_The input_.
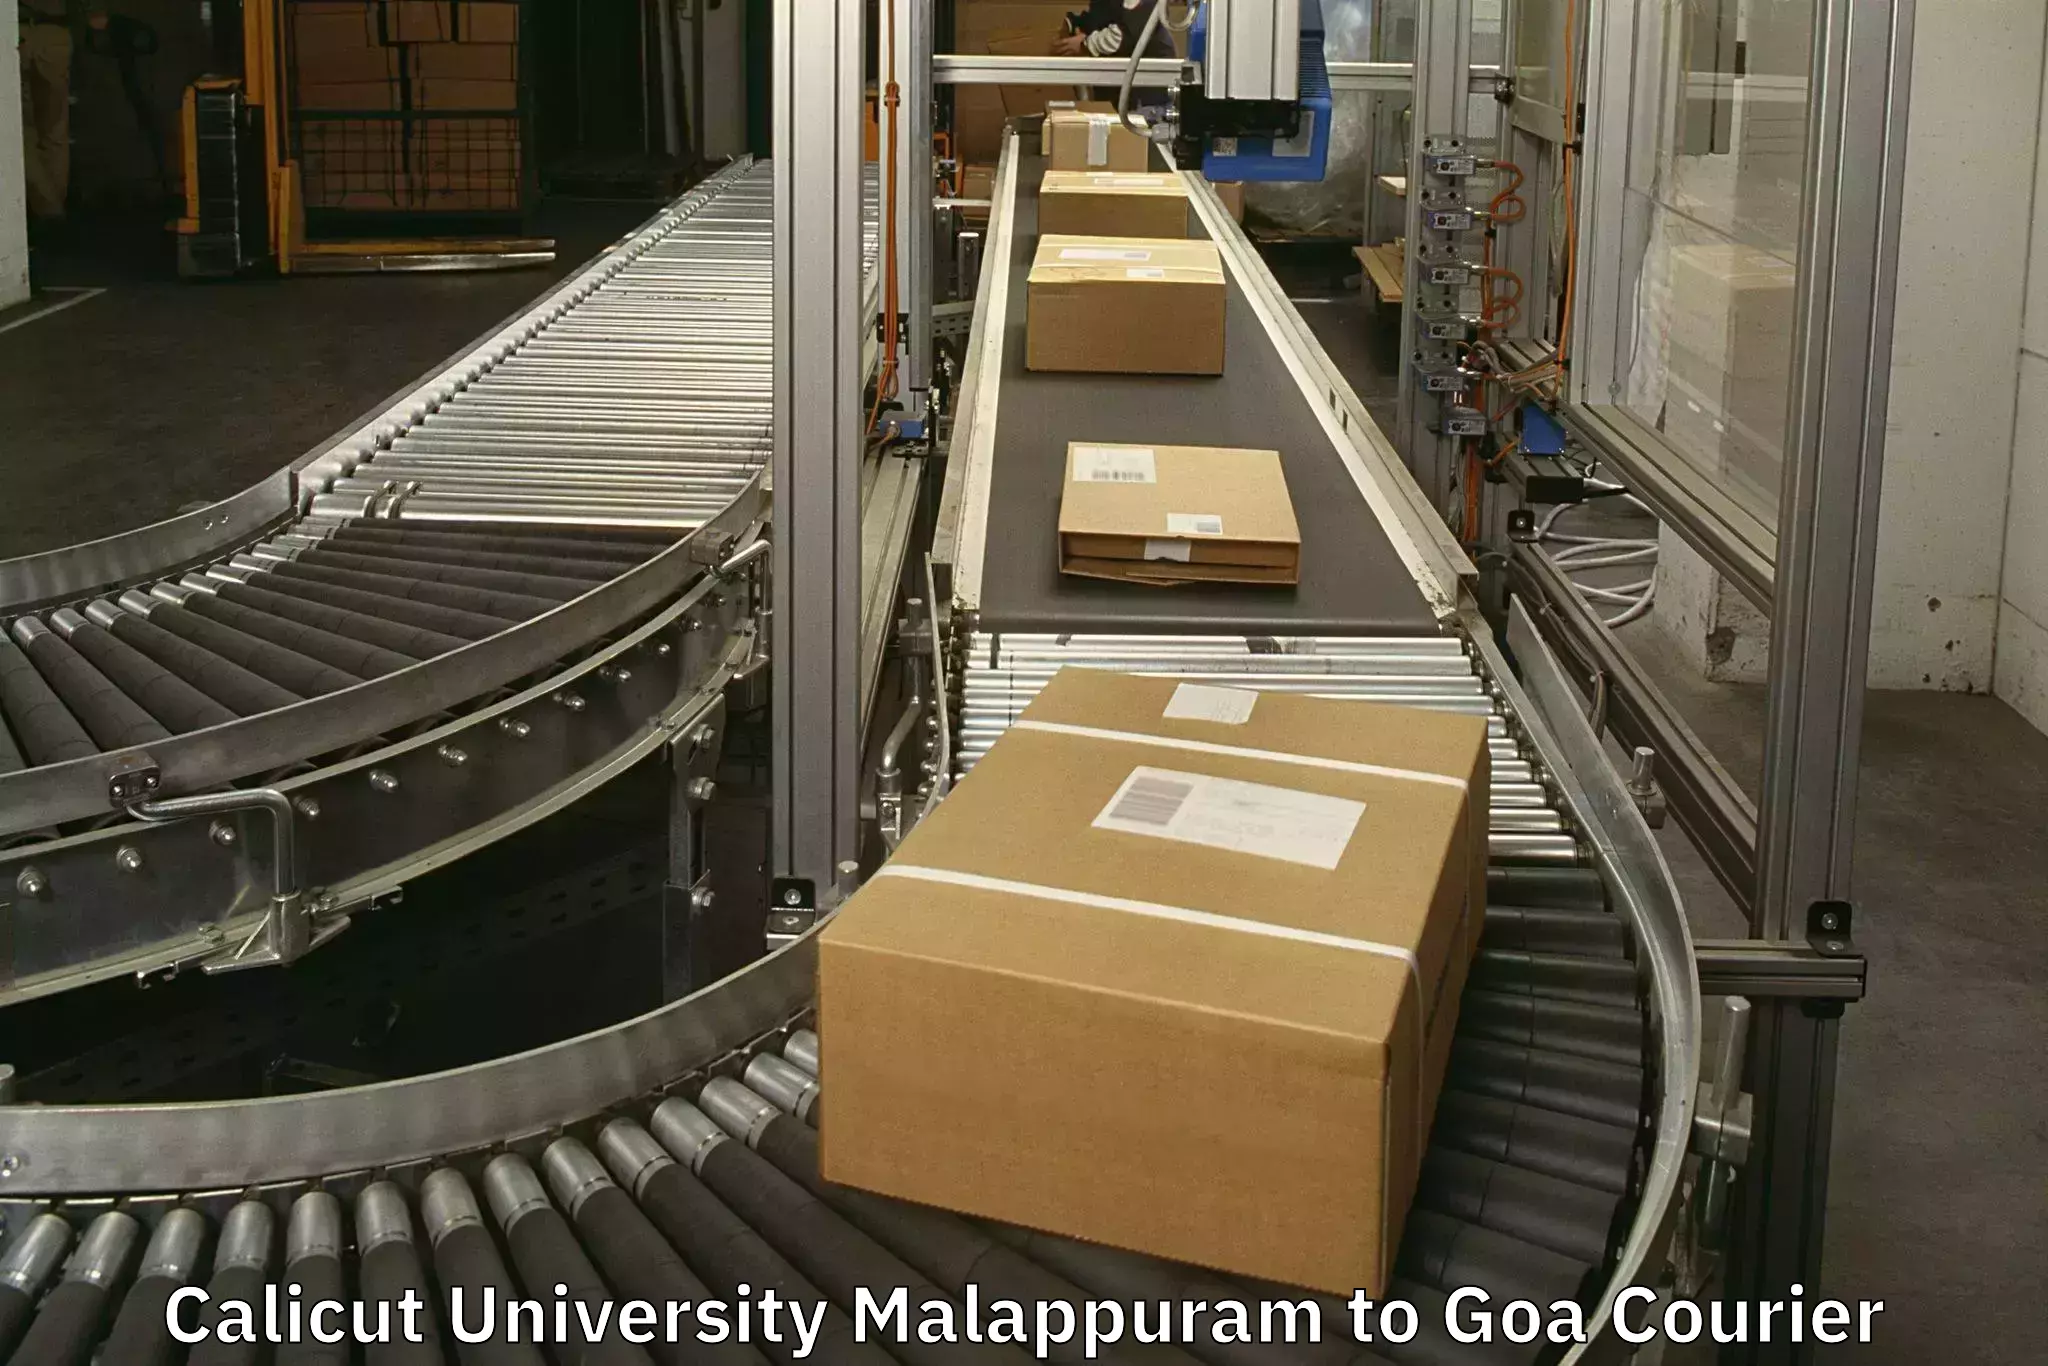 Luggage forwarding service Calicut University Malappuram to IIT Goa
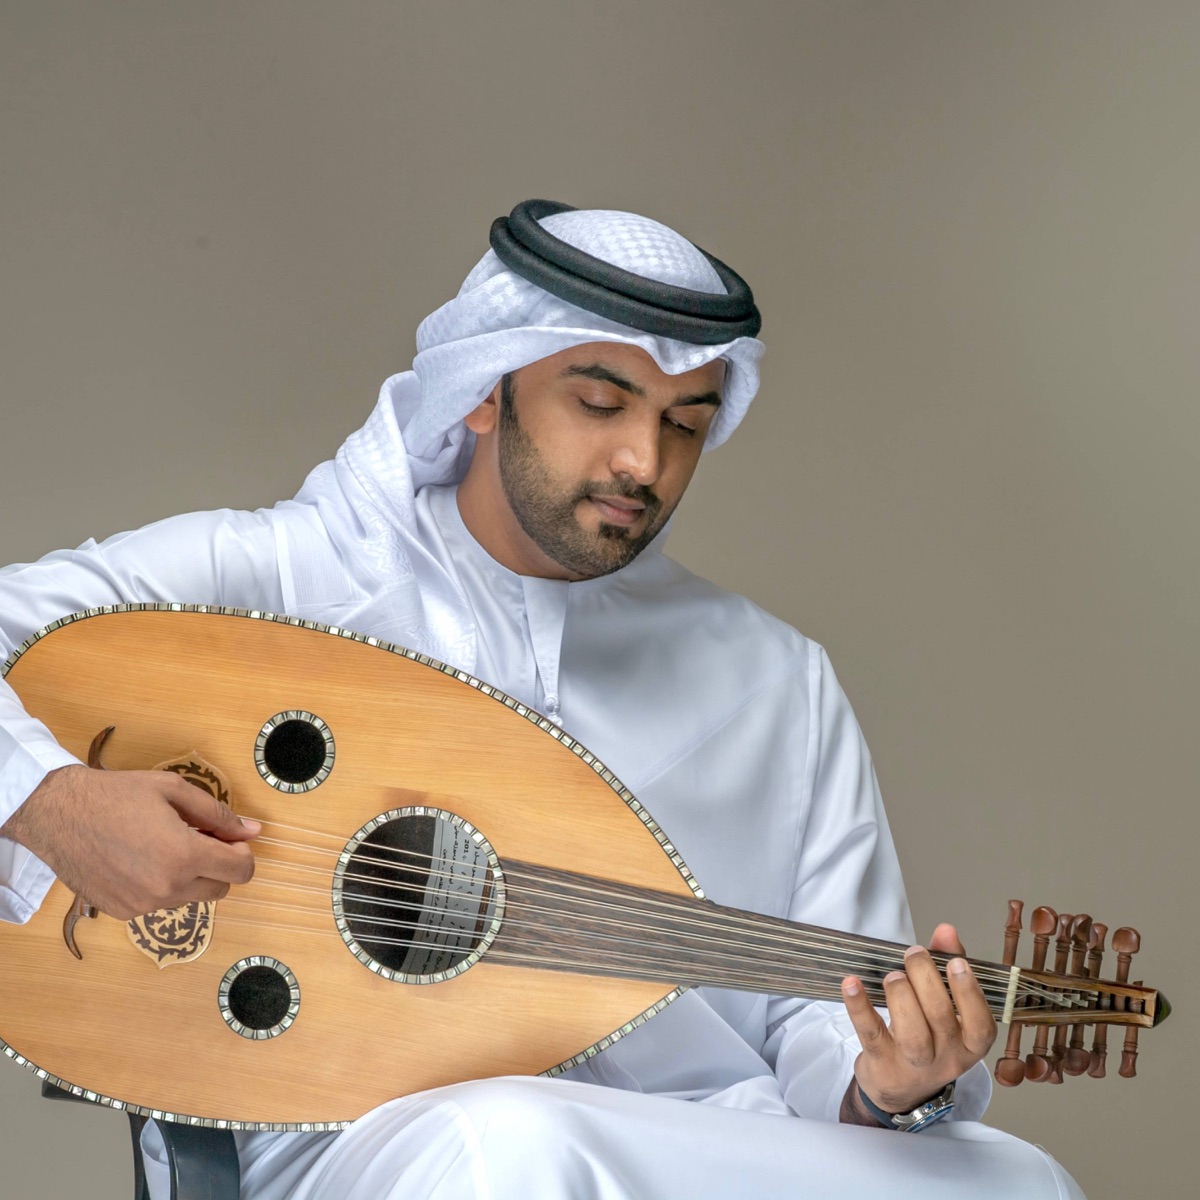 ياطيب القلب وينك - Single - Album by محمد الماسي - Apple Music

...

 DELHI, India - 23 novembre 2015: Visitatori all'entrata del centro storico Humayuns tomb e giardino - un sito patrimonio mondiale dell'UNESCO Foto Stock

* * *

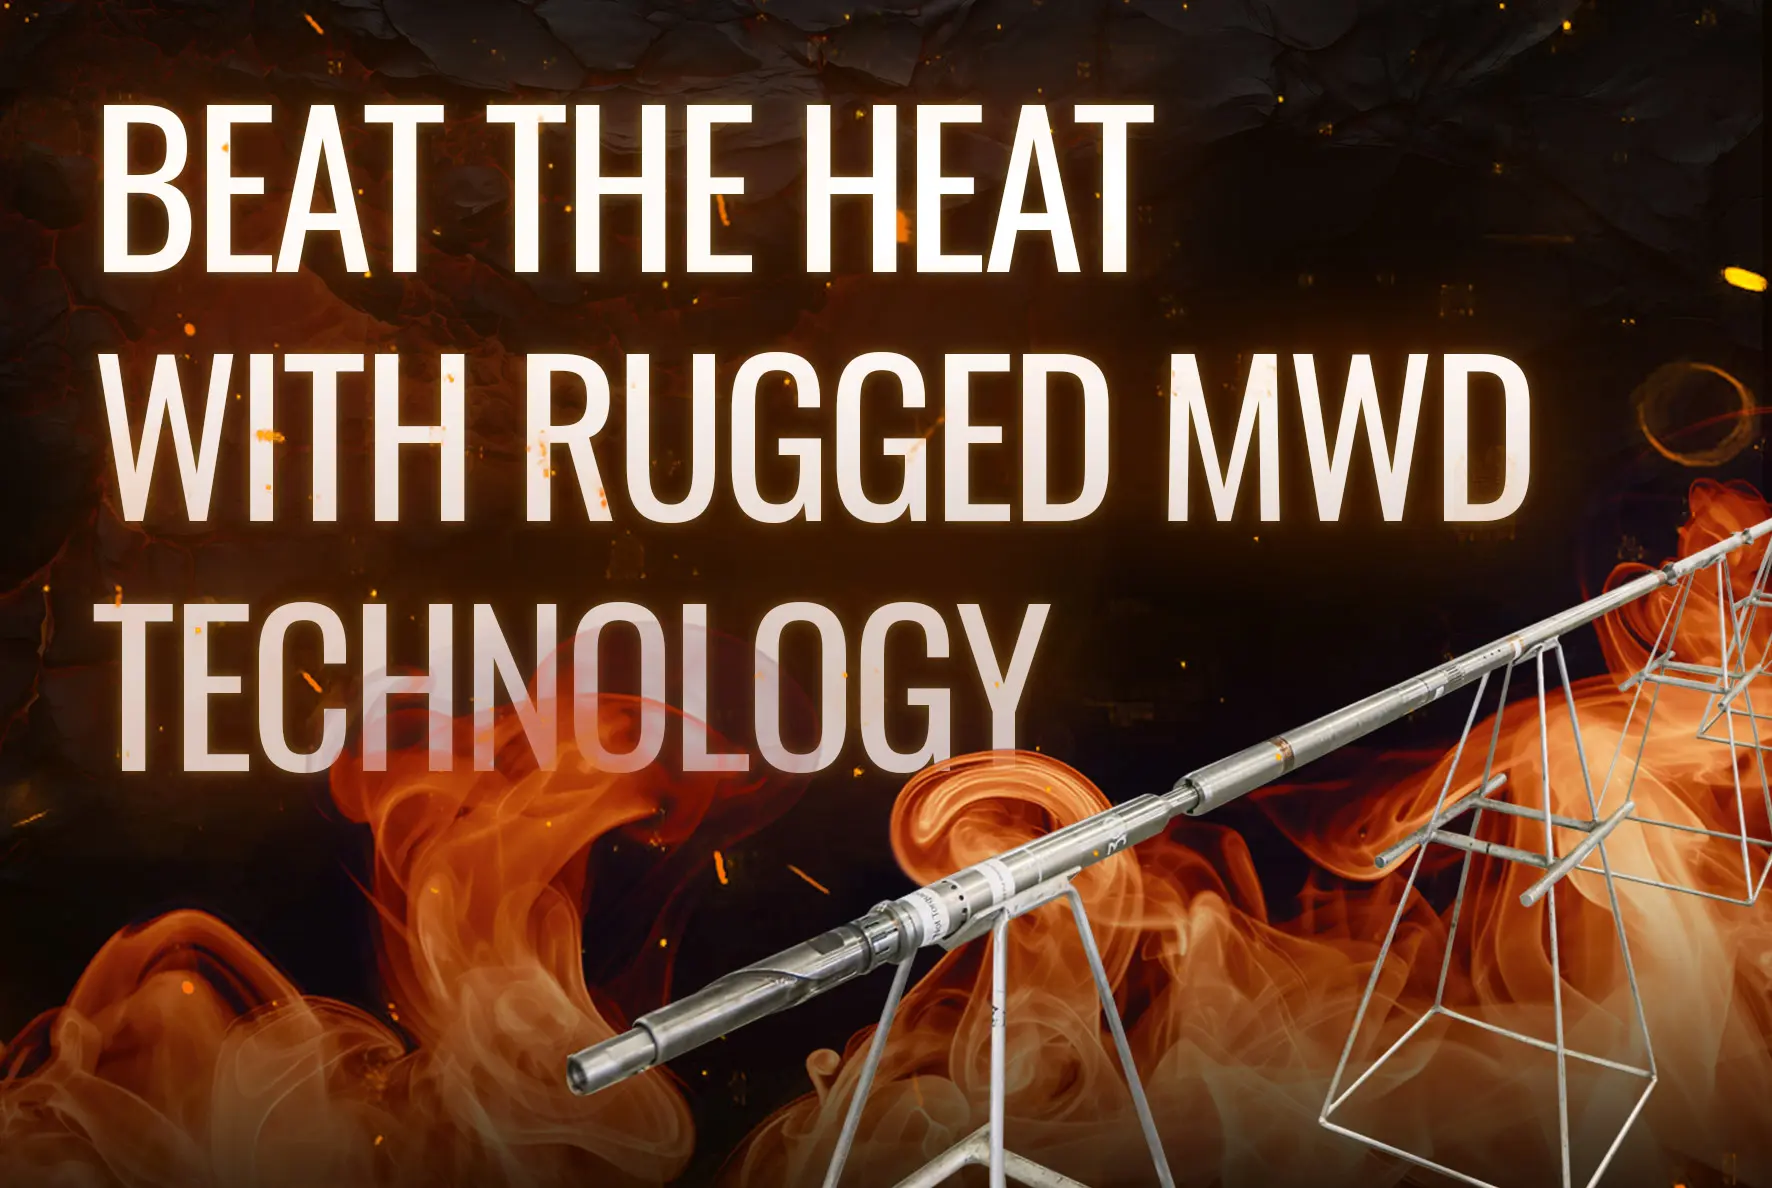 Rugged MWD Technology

_Problem to work on_.
In the entries above, find the line containing "Luggage forwarding service" and the line containing "ياطيب القلب وينك"; give again exactly those two lines and every line between them, minus the pictures.

_Output for this exercise_.
 Luggage forwarding service Calicut University Malappuram to IIT Goa
 ياطيب القلب وينك - Single - Album by محمد الماسي - Apple Music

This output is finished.